Has it got a little pond area to chill in?


----------



## smokinbubbles (Mar 25, 2005)

thanks guys for all the replys!

hey thanks serrapygo. yeah they have always been a dream lizard of mine (next to croc monitors) but have been next to impossible to get for the longest time.

louisvillain2.0 right now hes really little so hes in a 40 gallon breeder with a good sized cat litter box for him to soak in. these guys do love water a lot.


----------



## His Majesty (Apr 5, 2005)

sweet new lizard you got
very pretty and good looking. never come across them before
love the fact its head is a different colour to its body. green and orange awesome looking


----------



## Mettle (Dec 29, 2003)

Awesome looking animal. I've never even heard of them before... Time to go do some reading I guess.









Congrats on the acquisition though! It's always awesome when we get ahold of something we've been searching for.


----------



## smokinbubbles (Mar 25, 2005)

thanks guys

triggerlover- yeah there colors are nice and unlike most reptiles there colors become more stunning as they age. the only camera i have is my iphone and there is no zooming with that so its just really hard to show how amazing their colors really are . like red tegus it is thought that the males have a far larger head then females as well the males are thought to have a darker red when older where the females are a faint orange.

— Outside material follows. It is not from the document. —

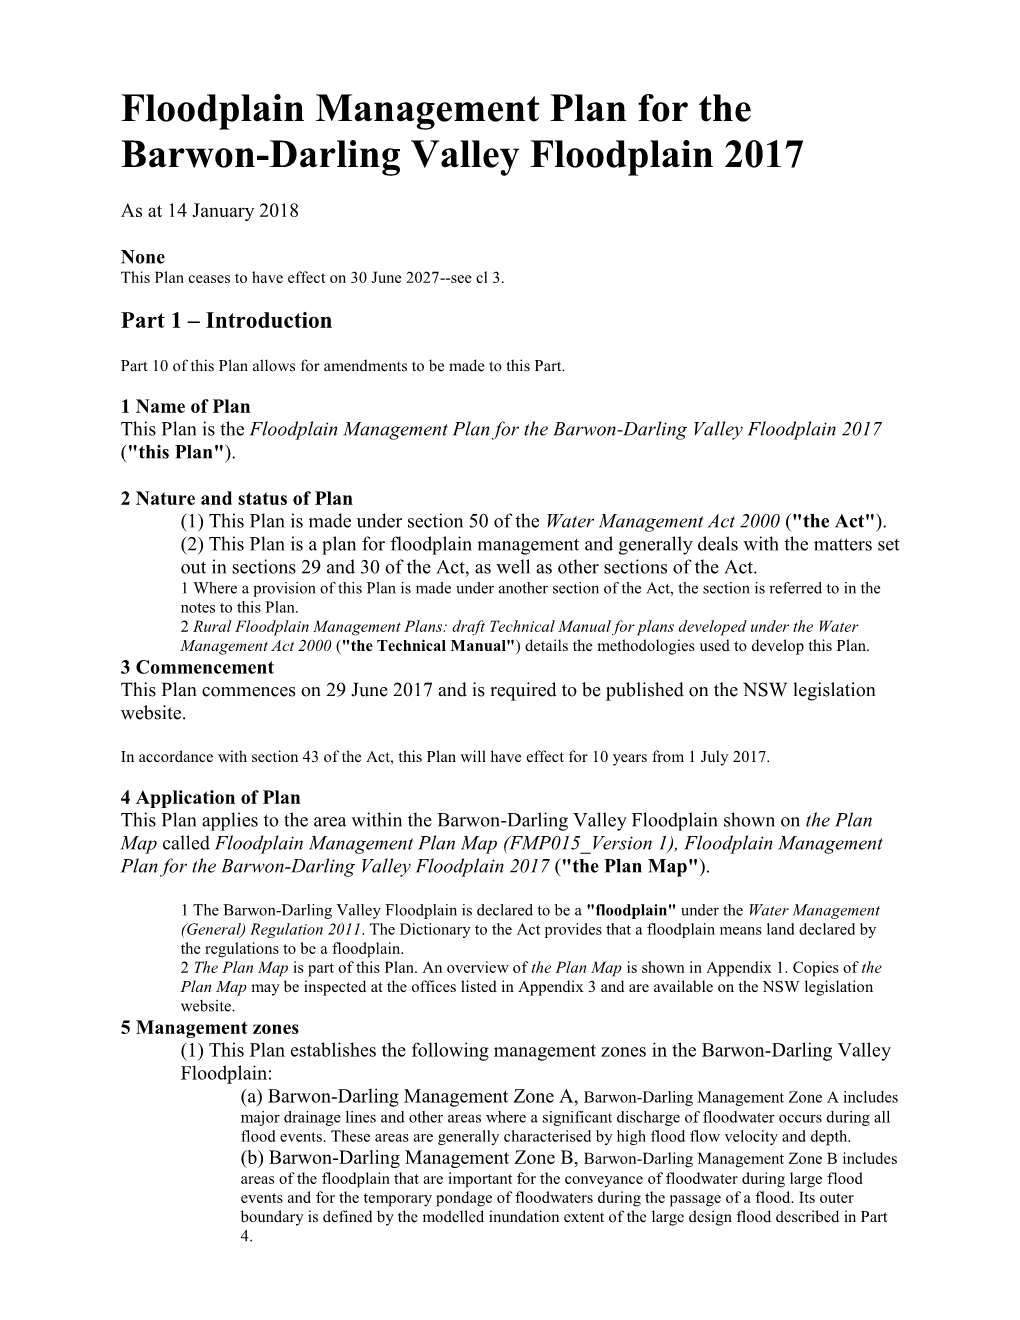 Floodplain Management Plan for the Barwon-Darling Valley Floodplain 2017

mettle- yeah reptile magazine did a article on them years and years ago and i've have been in love with them sense. they where extremly hard to find and if you could they had a ultramega of a price tag on em. they are def. a amazing looking lizard. as far as information on them you will just have to browse around. there's not really many sites out there that have to much info on them. if you see there teeth though its amazing how they have adapted to its environment of eating mainly crustaceans and molluscs and have a thick tail to help them swim through the water.


----------



## SERRAPYGO (Feb 4, 2003)

From what I've heard, these lizards are tough to get because of their soggy habitat and, they live in an area where plenty of AK-47's are present. If you don't mind me asking, where, and how much $$? I would do back flips through hoops of fire for one!!


----------



## smokinbubbles (Mar 25, 2005)

SERRAPYGO said:


> From what I've heard, these lizards are tough to get because of their soggy habitat and, they live in an area where plenty of AK-47's are present. If you don't mind me asking, where, and how much $$? I would do back flips through hoops of fire for one!!


turtlesandtortoises.com $1200. the guys got a couple left.


----------



## No0dles (Dec 16, 2003)

Leucistic Red Ear Sliders is where it's at


----------



## smokinbubbles (Mar 25, 2005)

No0dles said:


> Leucistic Red Ear Sliders is where it's at


I guess if you are into turtles they are.


----------



## Death in #'s (Apr 29, 2003)

so now we need a full tank shot and a feeding vid

get to work


----------



## No0dles (Dec 16, 2003)

smokinbubbles said:


> Leucistic Red Ear Sliders is where it's at


I guess if you are into turtles they are.








[/quote]

haha yeah i had a couple turtles in my lifetime, i was a huge fan of TMNT when i was little...haha


----------



## smokinbubbles (Mar 25, 2005)

Death in #'s- right now my only means of taking pictures is from my iphone so i cant take any videos only so i wont beable to get a feeding video.

his setup as of right now is nothing special, just the basic to make sure everything is alright. right now its a 40 gallon breeder with drift wood a cat litter box for a large water bowl to soak in and cypress multch for the humidity. my work is having 30% off coming up on june 4th and im looking to purchase a odd shaped 150 gallon tank and stand for him maybe then.

No0dles- yeah i was a huge fan as well. i was just never a huge fan of keeping turtles though (saying this while i have 3 turtles downstairs, one being over 20 years). the only turtle i was intrested in where flyriver turtles, mata matas, and sulcata (tortoise i know).

thanks again guys for all the replys.


----------



## No0dles (Dec 16, 2003)

aah mata matas are cool never had one personally but seen em around and fly river turtles would be awesome but pretty illegal and hard to come by sometimes and when they aint they got a pricey tag with them!


----------



## Death in #'s (Apr 29, 2003)

i like the tank atm
ive kept alot of lizards
if u do a search 5 yrs back u can see my homemade chinese water dragon tank'
about 6 ft tall and 2 feet wide and deep with a waterfall they loved it


----------